Vice President In 'Pinky And The Brain' World Dominations style attempt.

Documents released to NLW by the NEW college Student Council, have provided conclusive evidence that the Vice-president Matthew Brough used the 1996 Student Presidential elections a bit like Dr Doom from ‘Spiderman and His Amazing Friends.’

Even though fellow candidates James Lancaster and Sarah Hall were unaware, the documents prove that unusually sulky Brough was actually scheming to introduce a very sinister mandate if elected.

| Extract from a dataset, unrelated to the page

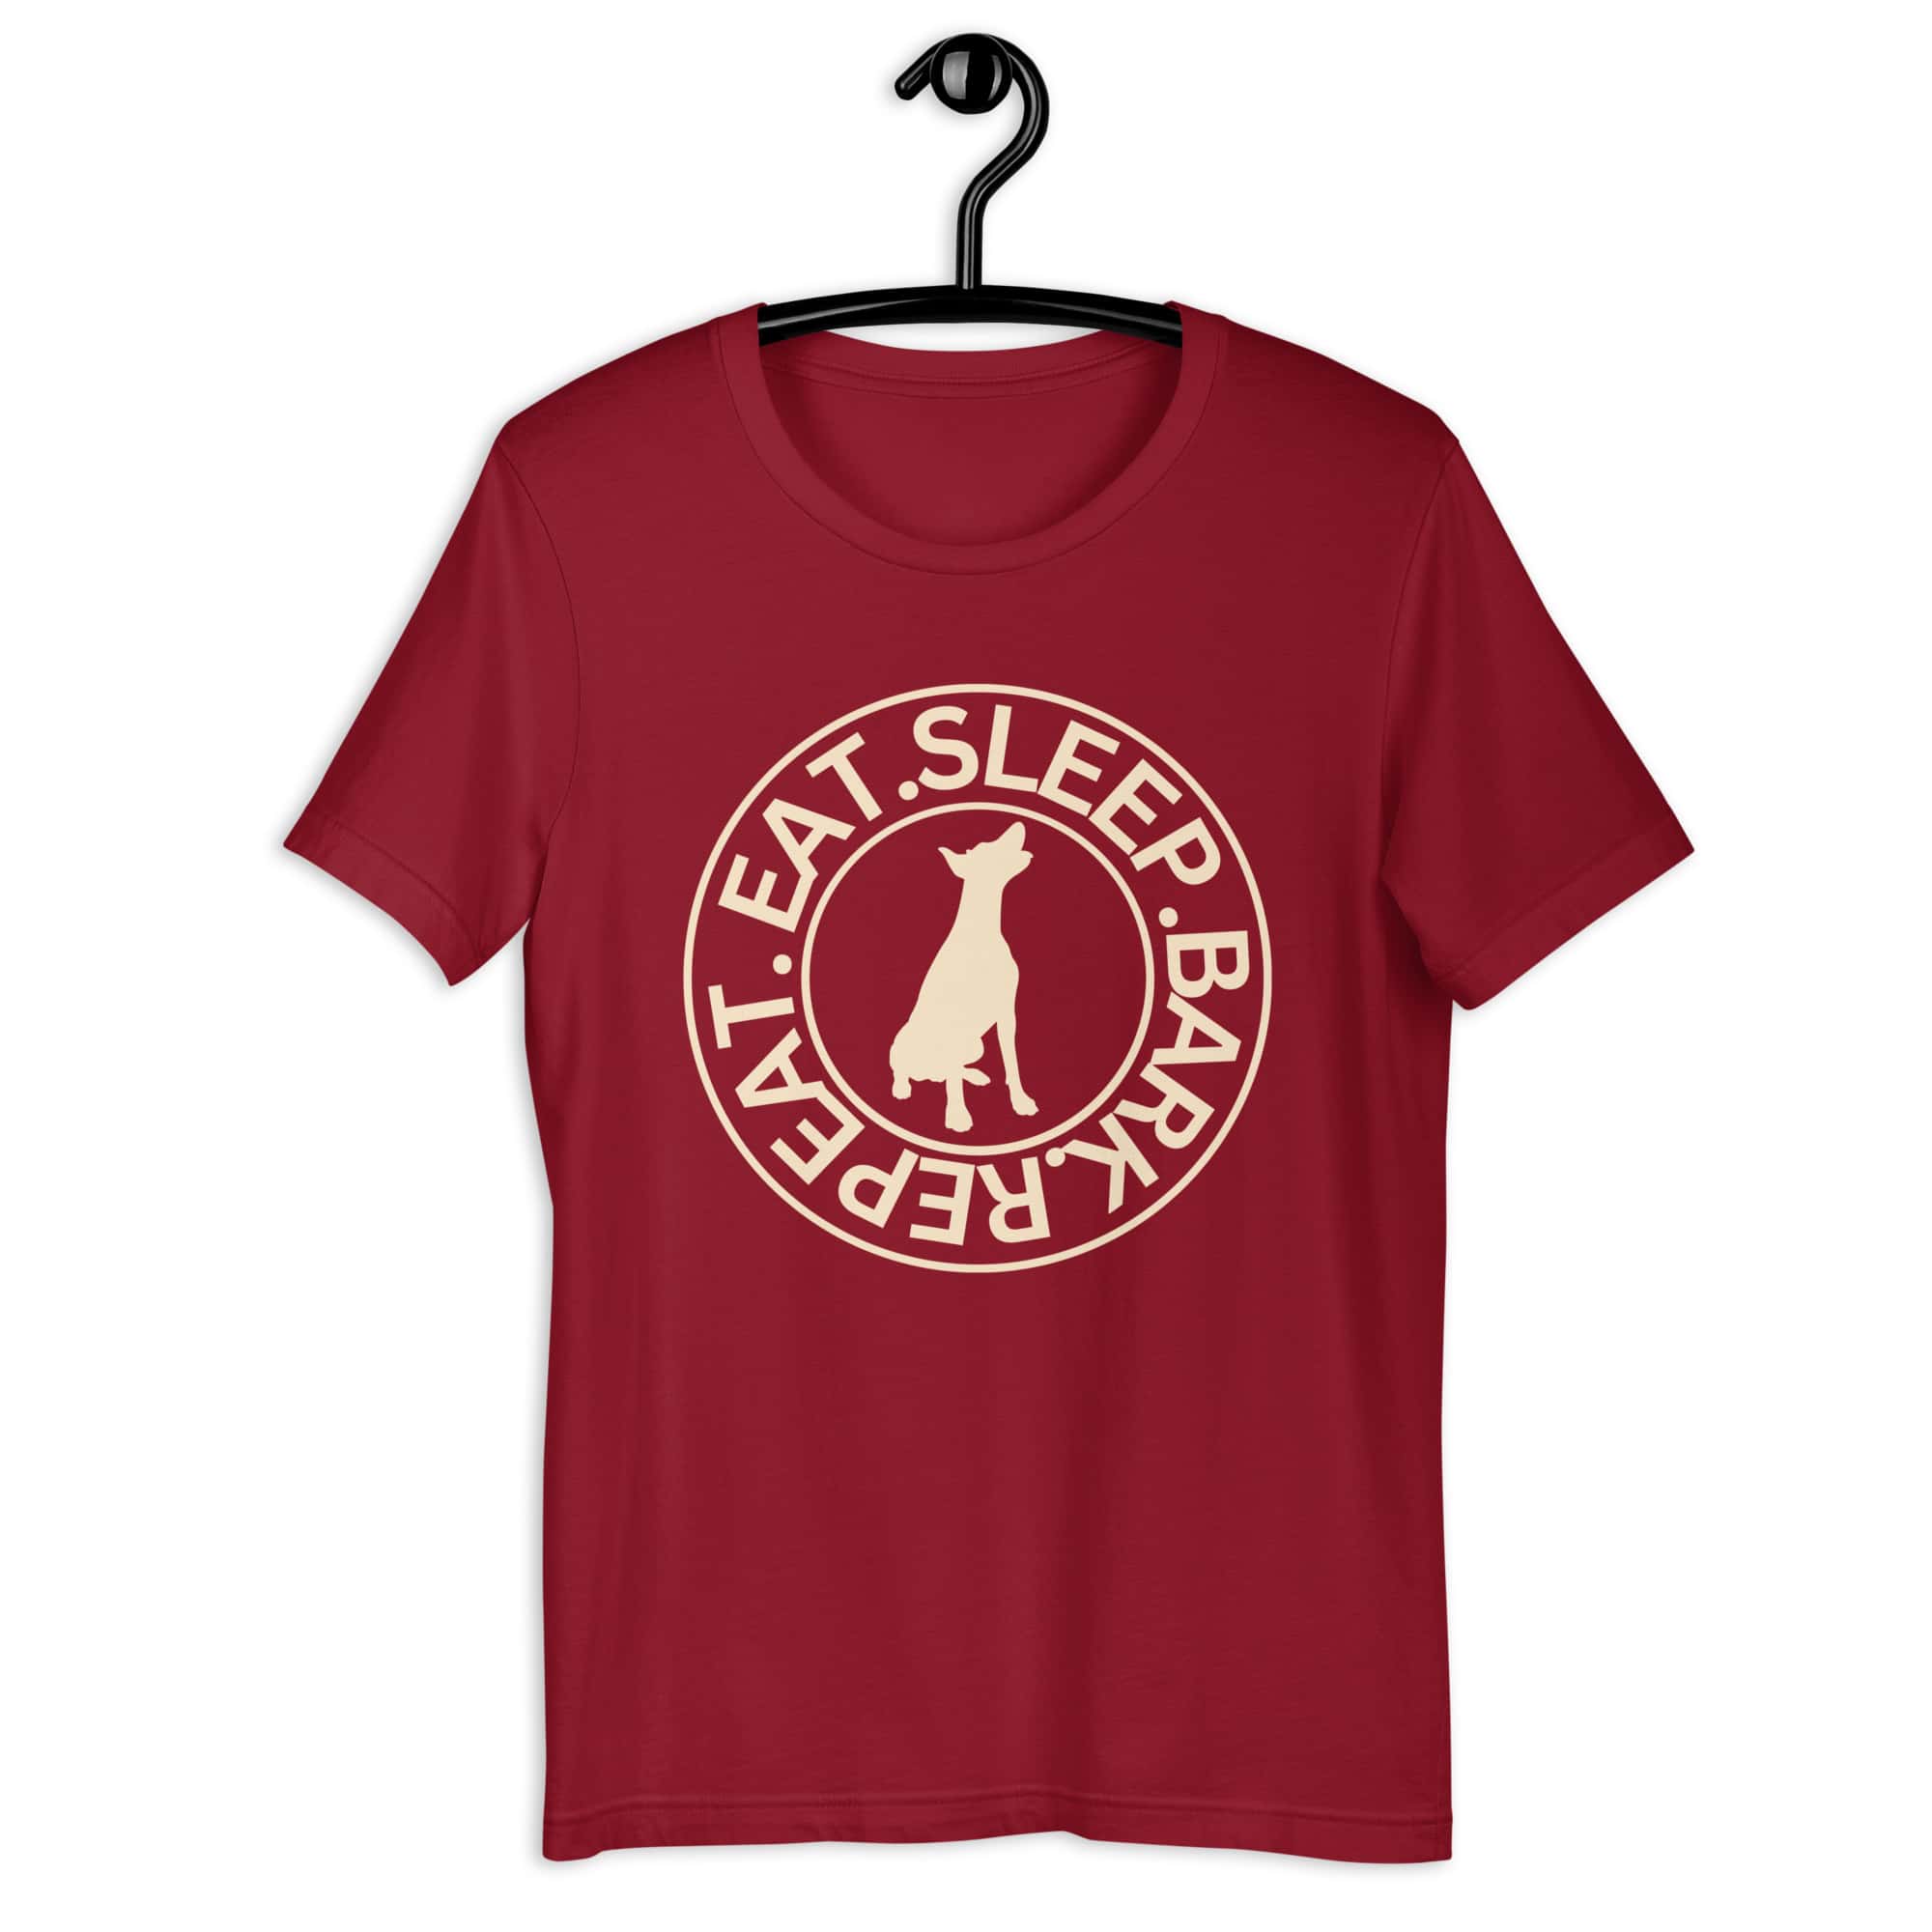 Eat Sleep Bark Repeat Terrier Unisex T-Shirt. Cardinal

For example; closer inspection of Brough’s rarely seen manifesto revealed plans to use council funds in the construction of a "Giant Hypno-Ray Gun TM" with which he intended to "enslave the puny inhabitants of Pontefract." Another strange manifesto pledge was the building of an "Impenetrable Secret Lair TM" in what is now the smokers room.

Although this nightmarish vision was luckily averted by the perceptive NEW College electorate, it has also been revealed that Brough has for the past year been utilising his much reduced position of authority to achieve his evil aims.

In January this year the Prom Committee unwittingly allowed the Vice-president funding for a scheme to replace senior members of staff with android "Replicants." Despite being unsuccessful, this plan did enable Brough to seize control of the local MacDonalds Drive-Thru, where his secret hideout is thought to have been for the early part of this year.

Although relatively unconcerned, Police are investigating Brough’s recent attempt to stand in the General Election as a candidate for the "This-Isn’t-A-Thinly-Veiled-Ploy-To-Gain-Absolute-Power-Nya-Ha-Ha-Ha! Party."

Brough was unavailable for comment as NLW went to press. However, sources close to him say he is working hard on an attempt to destroy London with an "Atomic Tidal Wave Machine TM" and has apparently changed his name by deed poll to "The Doom Meister" for legal reasons.